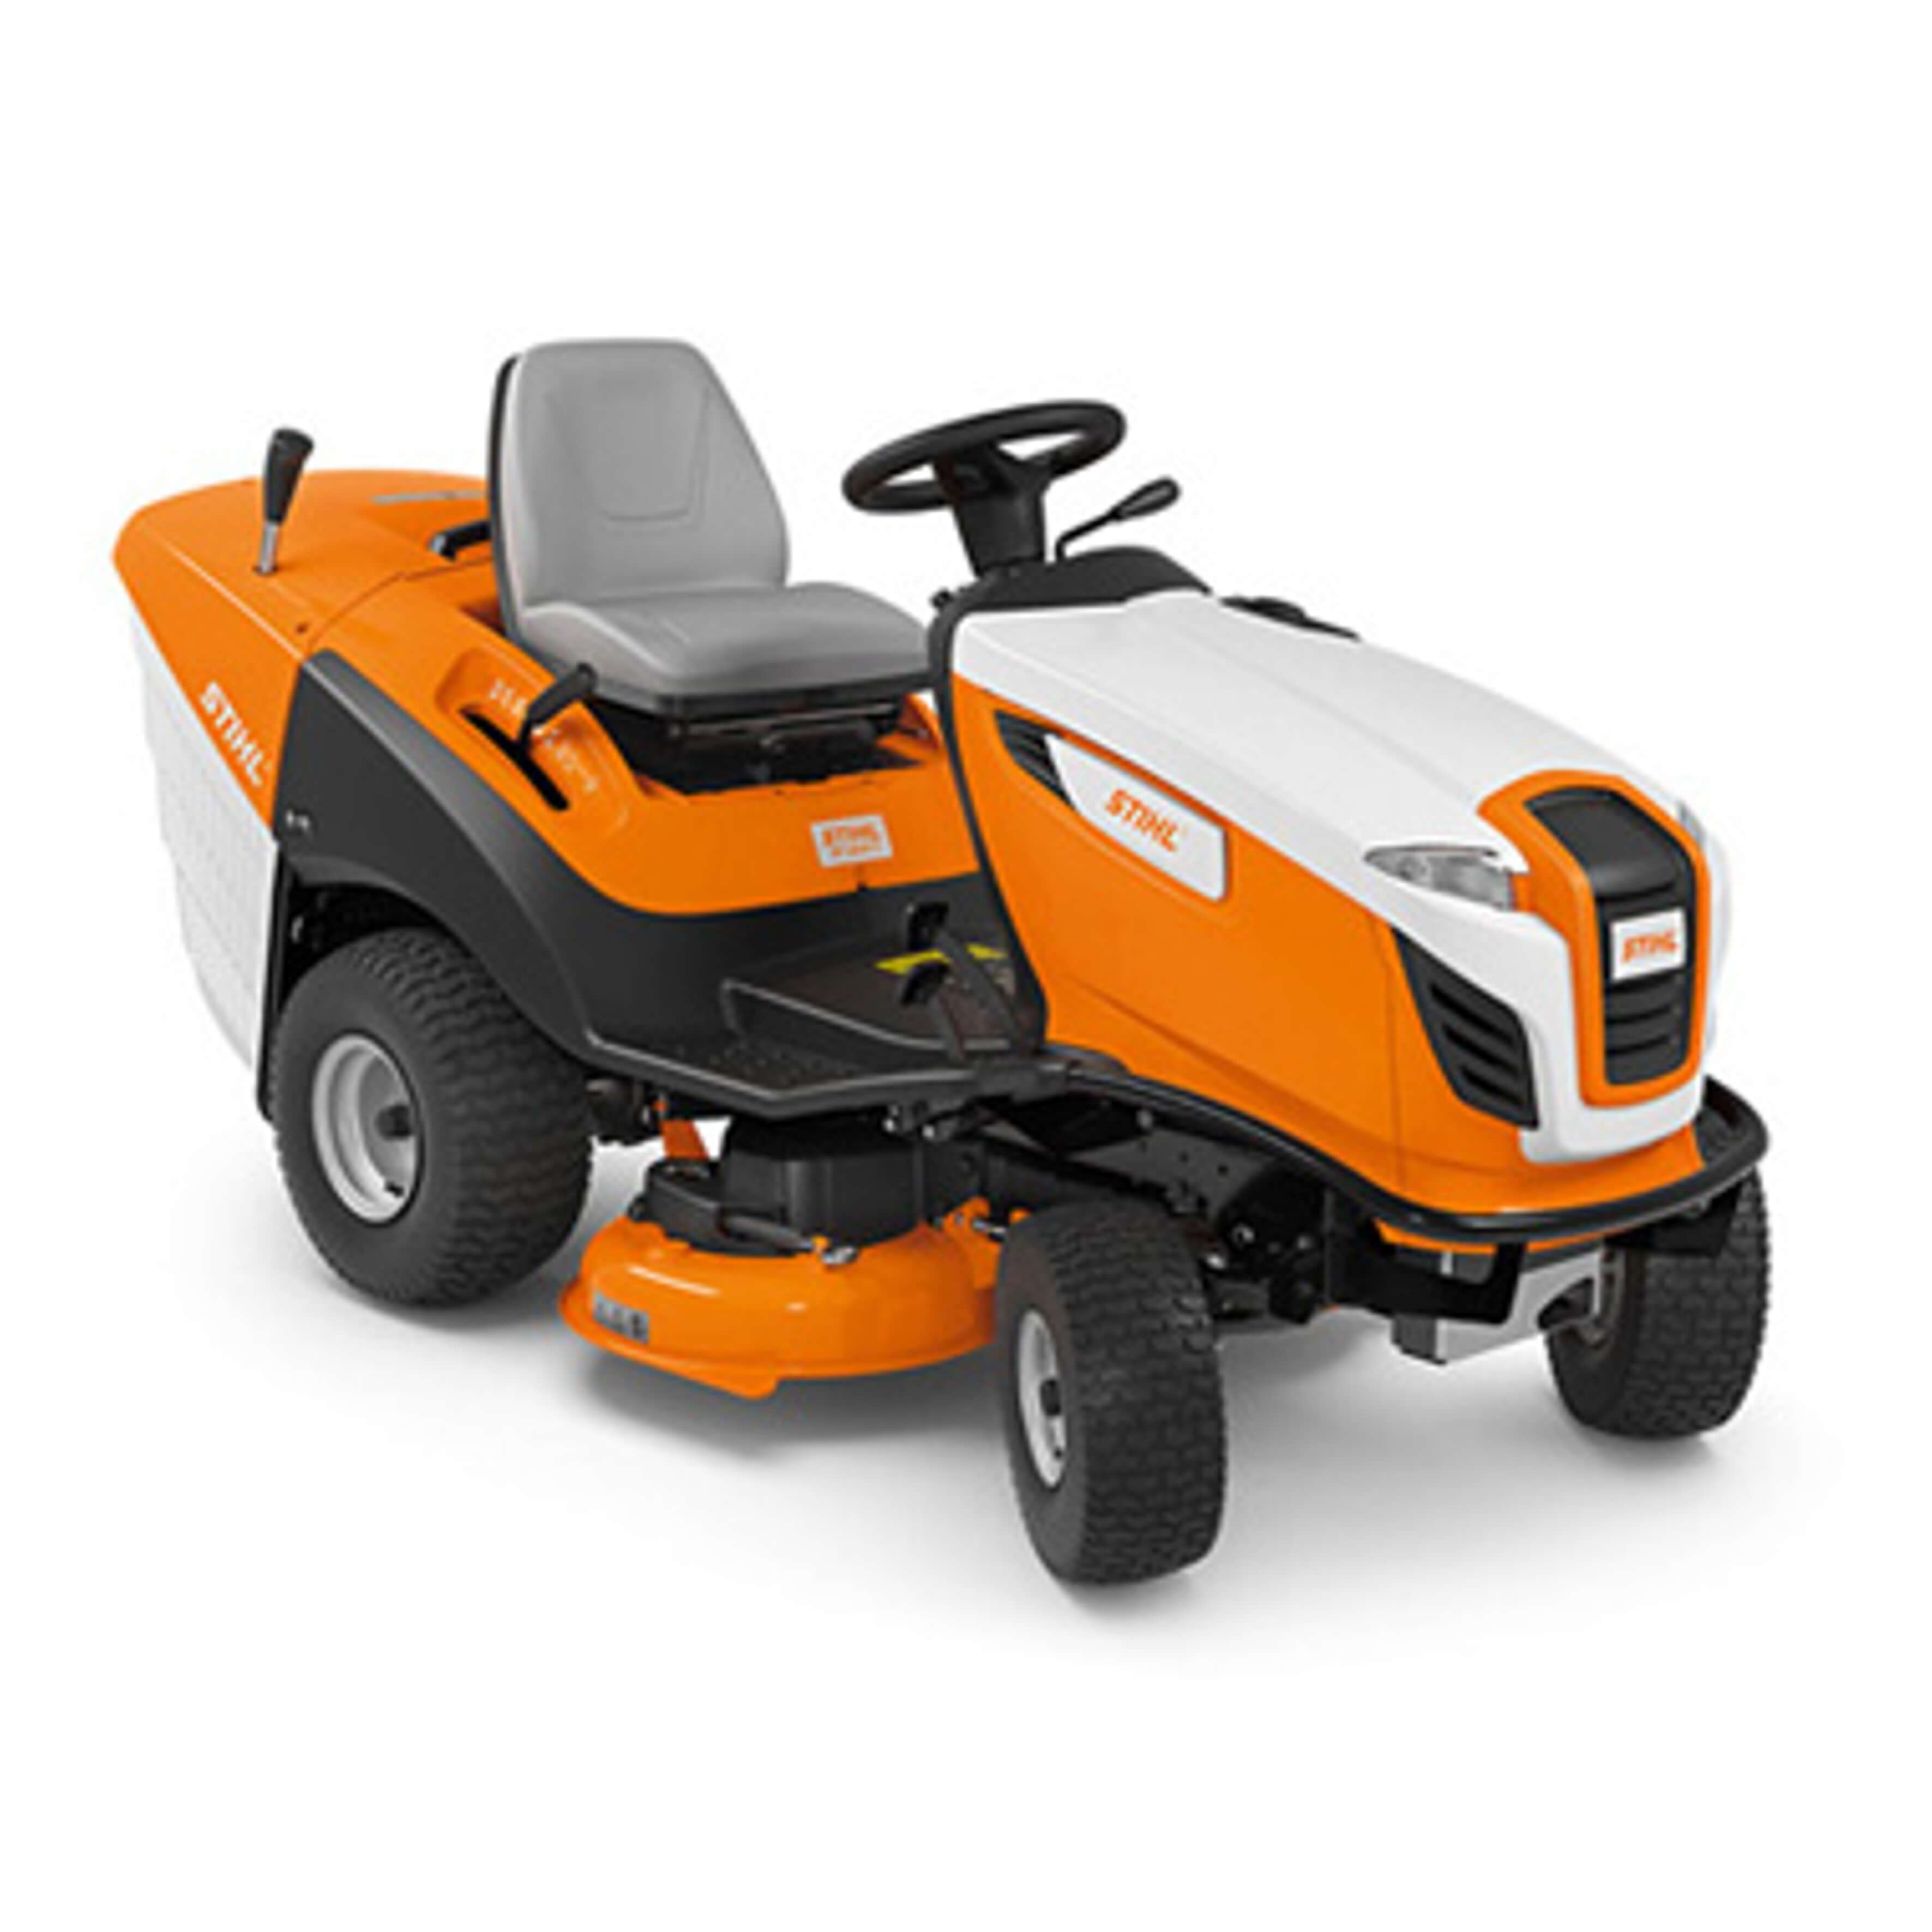 Stihl RT 5097.0 Z Ride on Mower Parts
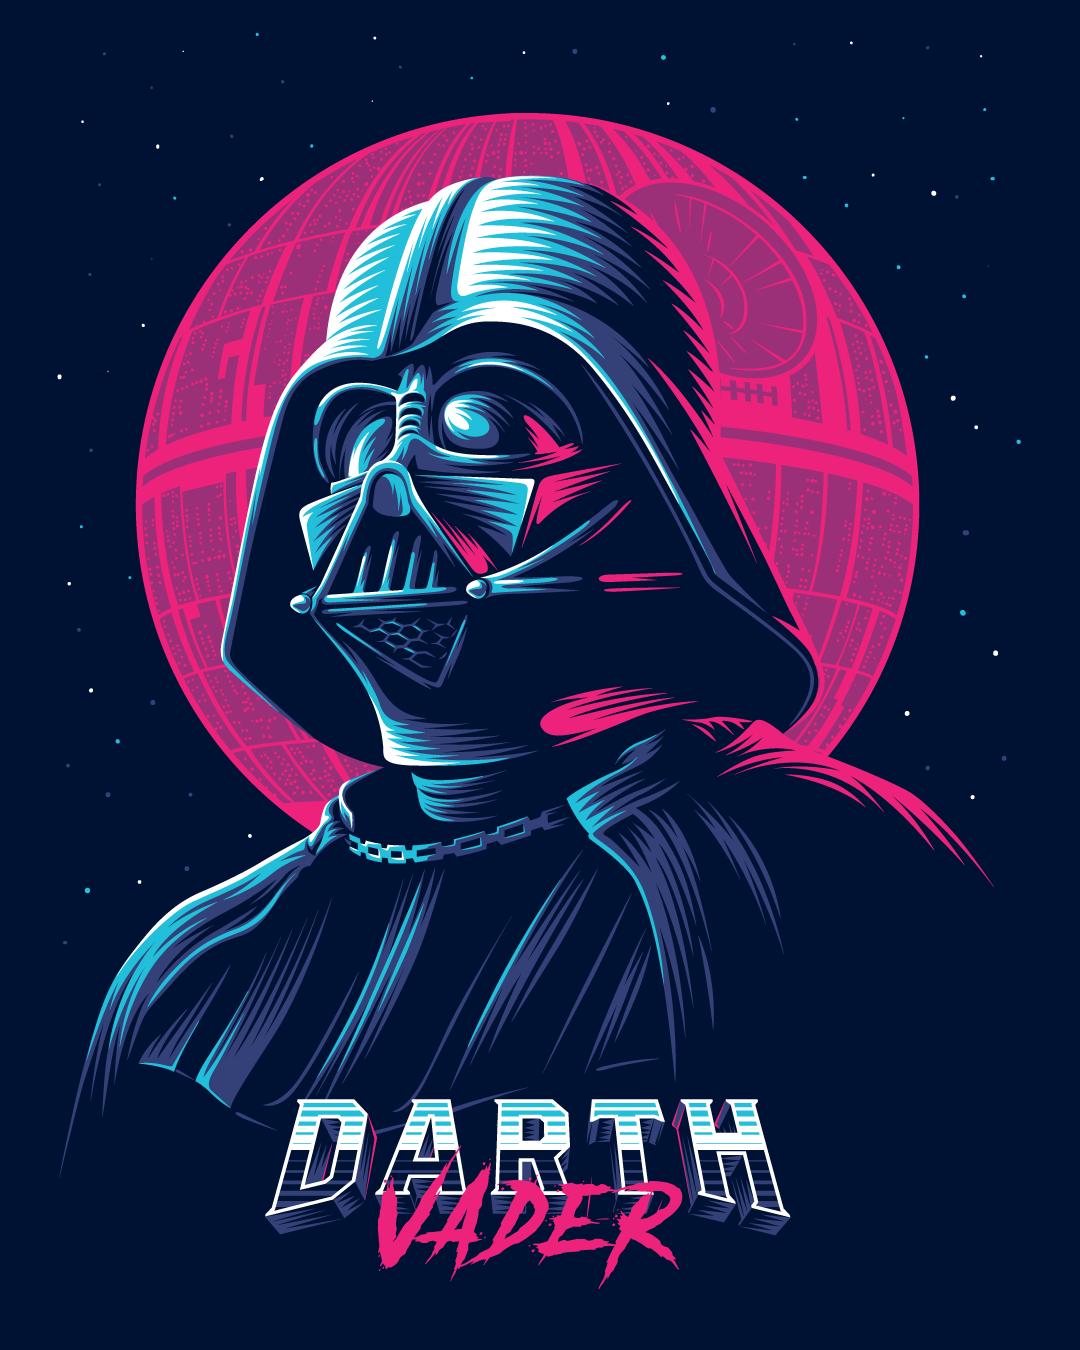 darth vader posterspy star wars
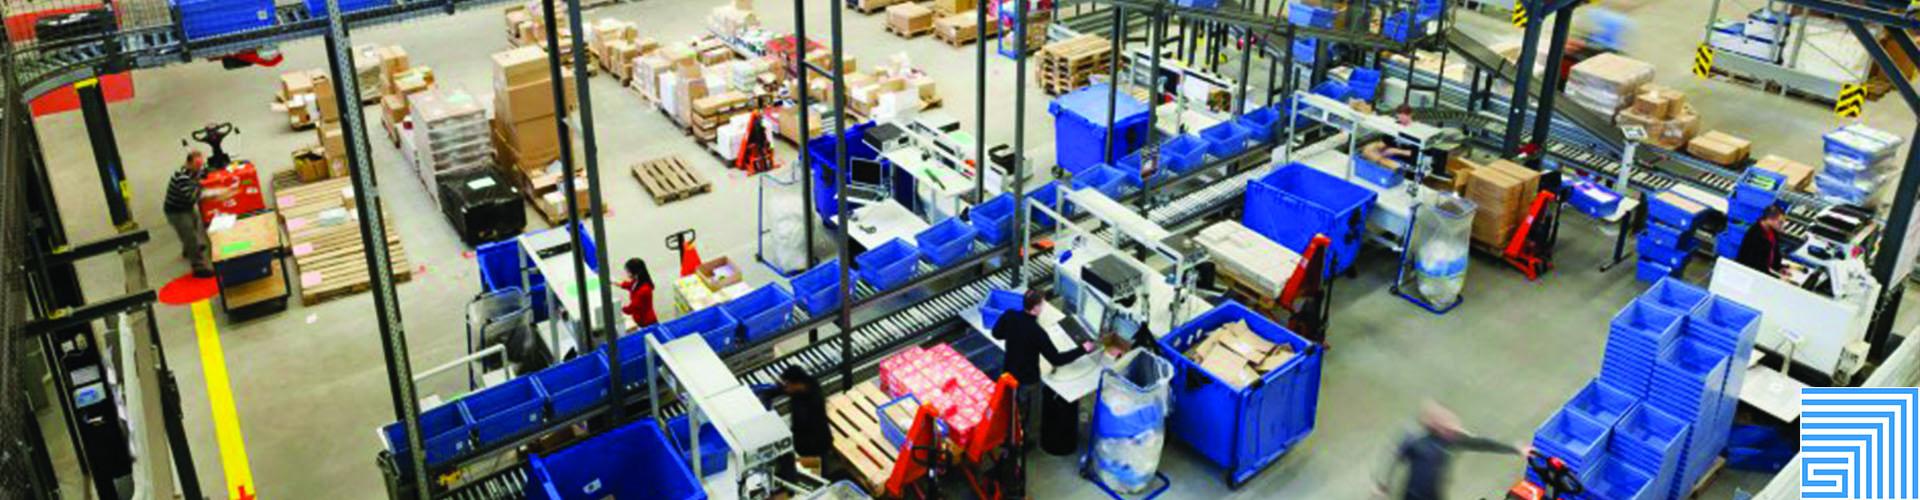 Sovella Nederland Treston concept inpaktafel voor logistieke centra en fulfilment
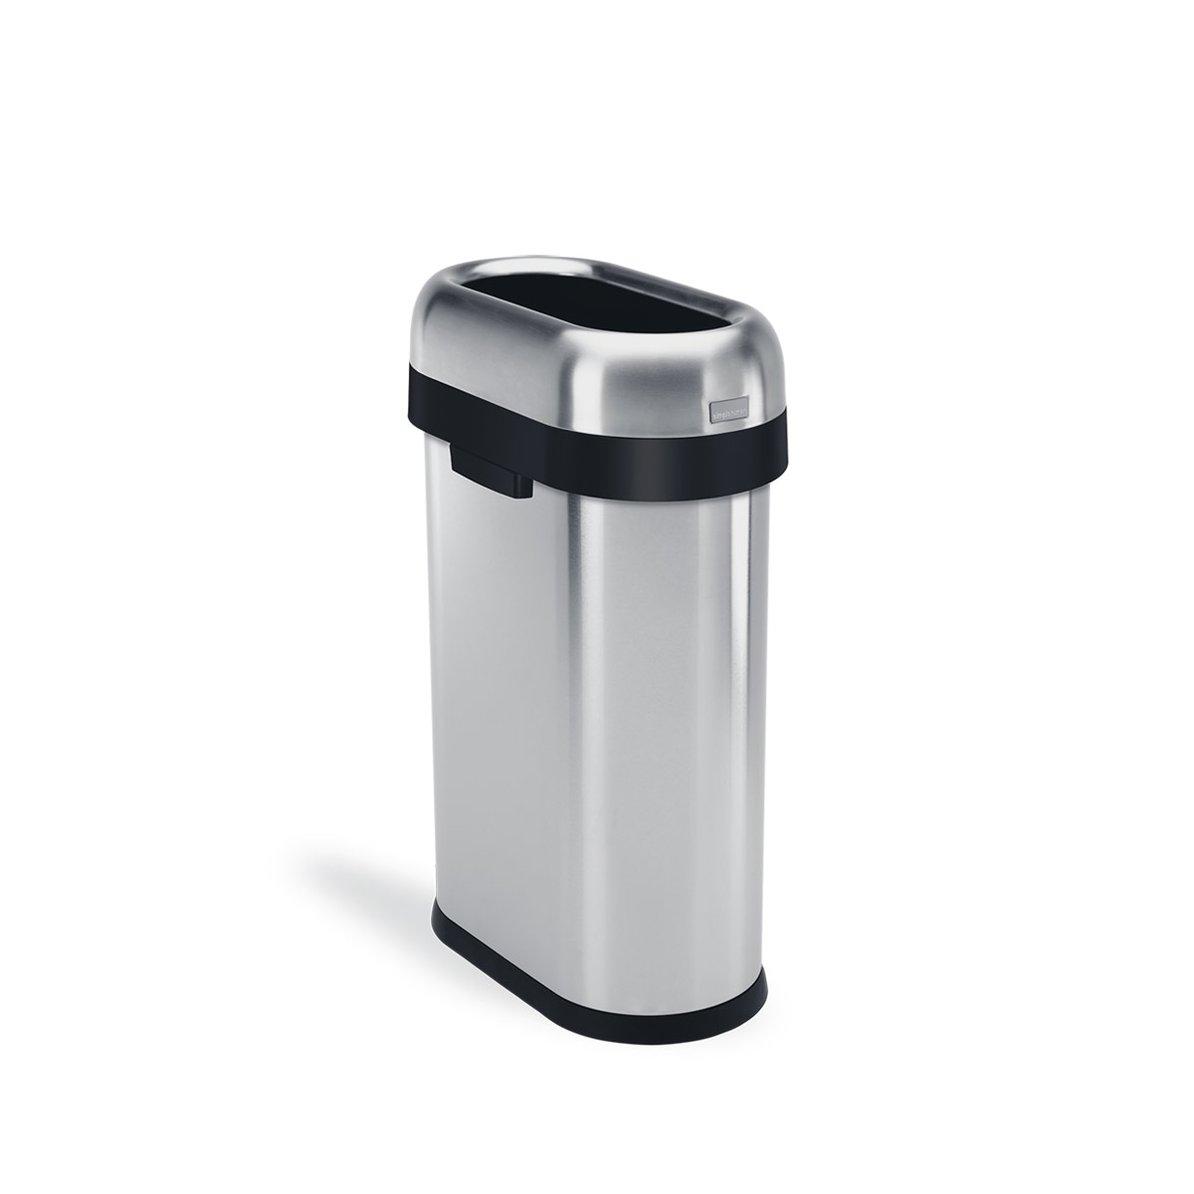 Simplehuman Slim 50L, roska-astia

──────────────────────────────

Only the lines from the line with "darth vader posterspy star wars" to the bottom of the material above should be reproduced, exactly and without pictures.

■ YOUR RESPONSE:
 darth vader posterspy star wars
 Sovella Nederland Treston concept inpaktafel voor logistieke centra en fulfilment
 Simplehuman Slim 50L, roska-astia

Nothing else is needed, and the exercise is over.